More to the point, Figure 3 shows that if the cases in which the government had a pecuniary interest were categorized instead as cases where courts denied Chevron deference—the certain effect of the pecuniary interest inquiry—the numbers shift dramatically. There, just over a third of what we currently consider Chevron cases get deference (34.26%, down from 51.85%), while slightly less than two-thirds do not (65.74%, up from 48.15%).  

In sum, importing a pecuniary interest inquiry—even a narrow one—is likely to have qualitatively significant effects on the rates at which courts apply (and grant) Chevron deference. Perhaps unsurprisingly, the addition of such an inquiry would go far in serving the goals of conservative critiques of Chevron.

Damonta D. Morgan is a third-year law student at Columbia Law School.

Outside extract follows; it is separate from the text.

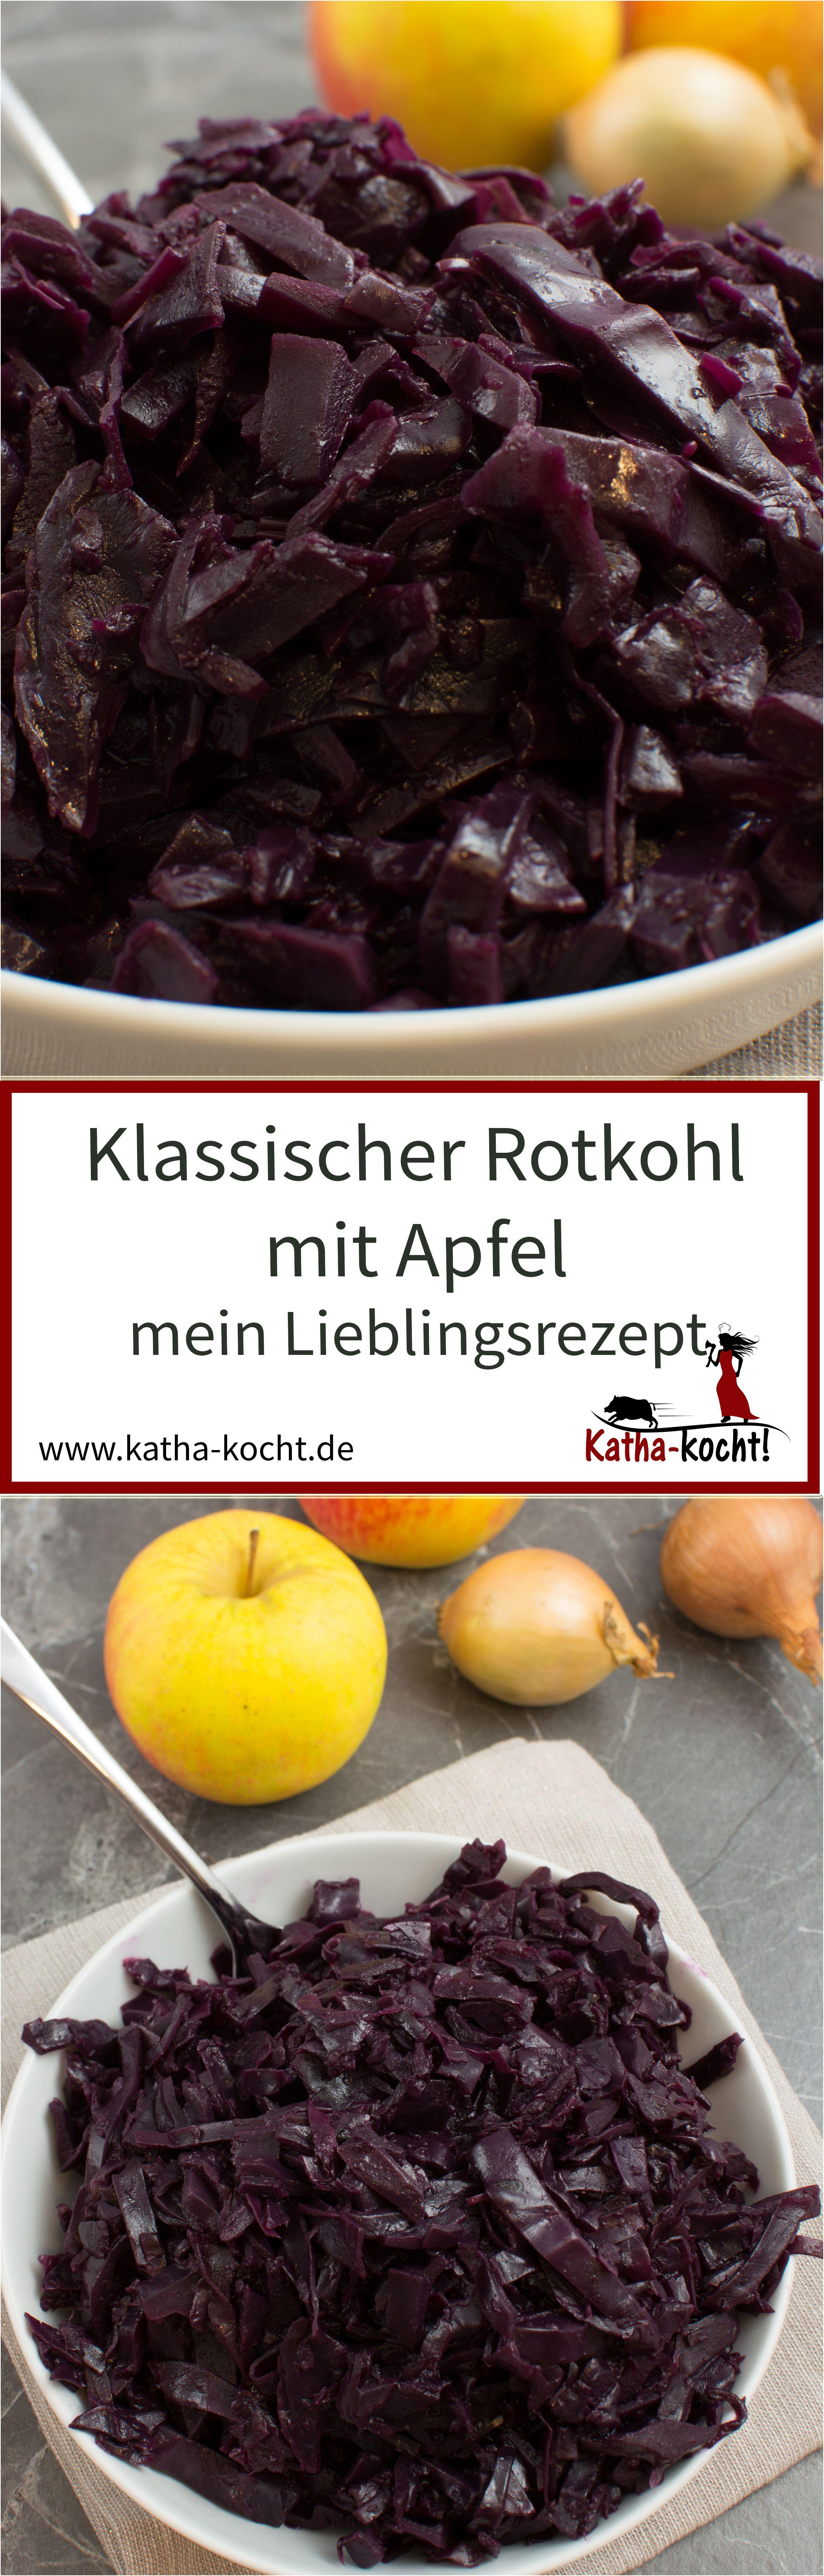 Klassischer Rotkohl - mein Lieblingsrezept | Rezepte | Pinterest ...

[1] In argument for American Hospital Association, Justices Thomas and Alito asked the advocate for AHA, former Solicitor General Don Verrilli, straightforwardly if Chevron should be overruled. Transcript of Oral Argument at 5, 30, American Hospital Association, et. al. v. Becerra (20-1114). Oyez. Retrieved at https://www.oyez.org/cases/2021/20-1114. Perhaps more tellingly, within the last decade, at least four sitting justices have expressed concerns or misgivings about the extent of Chevron deference. See, e.g., City of Arlington, Texas v. F.C.C., 569 U.S. 290, 312 (2013) (Roberts, C.J., dissenting) (“A court should not defer to an agency until the court decides, on its own, that the agency is entitled to deference.”); Michigan v. Environmental Protection Agency, 576 U.S. 743, 760 (2015) (Thomas, J., concurring) (“Chevron deference raises serious separation-of-powers questions.”); Gutierrez-Brizuela v. Lynch, 834 F.3d 1142, 1152 (10th Cir. 2016) (Gorsuch, J., concurring) (“Chevron seems no less than a  judge-made doctrine for the abdication of the judicial duty”); and Brett M. Kavanaugh, Fixing Statutory Interpretation, Harv. L. Rev., 129, 2118 (2016) (expressing support for the Supreme Court’s “reining in” Chevron deference).

[2] The cases were located by Westlaw search using the following search terms: “Chevron,” “Chevron deference,” and “agency interpretation.” I cross-referenced the search by shepardizing the Chevron case and filtering based on the identified date range and jurisdiction(s).